Similarly, Kamen v. Gray, 169 Kan. 664, 220 P. 2 d 160, certiorari denied 340 U.S. 890, 71 S. Ct. 206, 95 L. Ed. 645

[33 NJ Page 403]

(1950), is a case closely akin to the one at bar. There defendant moved the court to declare a mistrial because of prejudice engendered in the minds of the jury by the admission of certain evidence. The motion was denied. After the state rested its case, the trial court reversed its former ruling and declared a mistrial on the grounds set forth in defendant's original motion. In rejecting defendant's double jeopardy plea the appellate court stated, 220 P. 2 d, at page 162:

"The discharge of the jury was the necessary result of sustaining defendant's request and he has no right to complain that the court took the action which he had requested and to which no objection was made; his actions amounted to a consent."

Defendant relies principally on State ex rel. Williams v. Grayson, 90 So. 2 d 710, 63 A.L.R. 2 d 777 (Fla. Sup. Ct. 1956), and State v. Stiff, 117 Kan. 243, 234 P. 700 (Sup. Ct. 1924). These cases are distinguishable on the facts.

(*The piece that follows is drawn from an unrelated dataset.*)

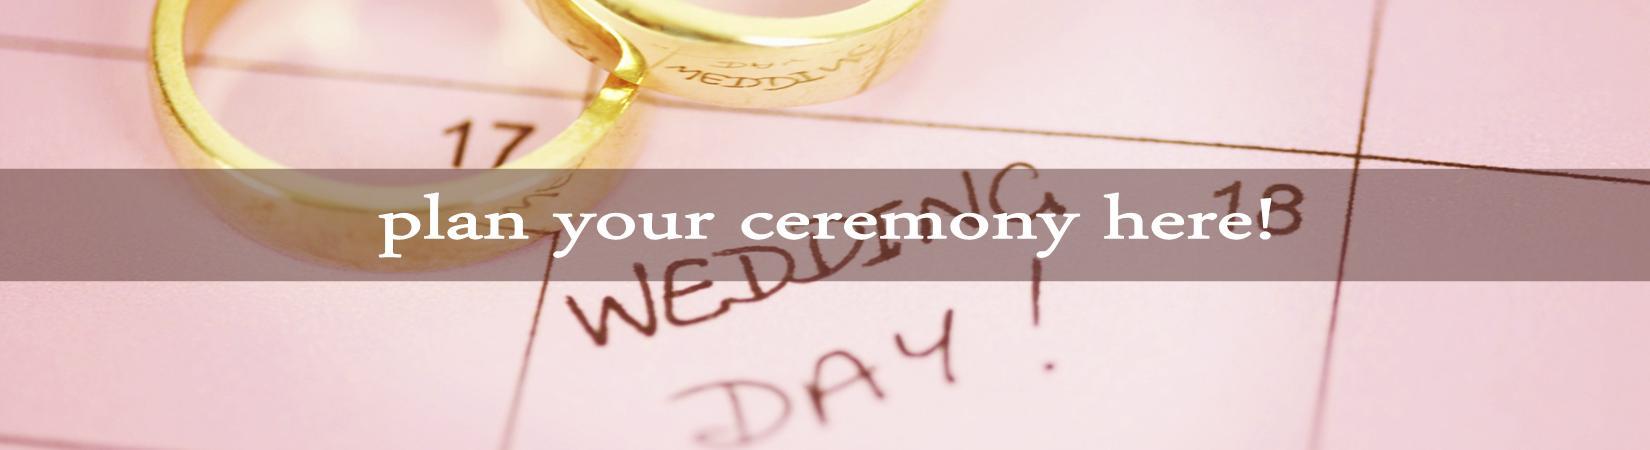 wedding planning.jpg

In Williams, defendants made several motions for mistrial, each of which was denied by the trial court. After all the testimony was taken, the prosecutor was granted permission "to join in the motions heretofore made by counsel for the defense" and the court declared a mistrial. Before the case could come on trial the second time, defendants moved to quash the information pleading former jeopardy, which motion was denied. On appeal the Supreme Court of Florida (despite the quoted language) pointed out that the state conceded its motion to be independent of defendants' previously denied motions. It held that defendants did not consent to the state's motion and a subsequent trial for the same offense would constitute double jeopardy.

The facts of the Stiff case are very different from those in the case at bar as noted by the same court in Kamen, 220 P. 2 d, at pp. 162-163. In Stiff, defendant moved to quash the information before he had entered his plea of not guilty and before the jury had been impanelled and sworn. The motion was denied. The jury was then sworn, and the

[33 NJ Page 404]

state made a request to amend the information which was denied. Thereupon, the trial court on its own motion set aside the order denying the motion to quash, quashed the information and discharged the jury. At no time did defendant move to discharge the jury. The Supreme Court held the jury was discharged without the request or consent of defendant and he could not therefore be tried. It is clear that at the time of defendant's motion jeopardy had not attached as the jury was not impanelled and sworn. State v. Williams, 30 N.J. 105, 120 (1959). Defendant did not invite the discharge of the jury. Rather, the Kansas court held that it was the trial court's own independent act to which defendant must consent before his plea of former jeopardy will be precluded.

The Montlake and Kamen opinions are compellingly persuasive. We similarly hold.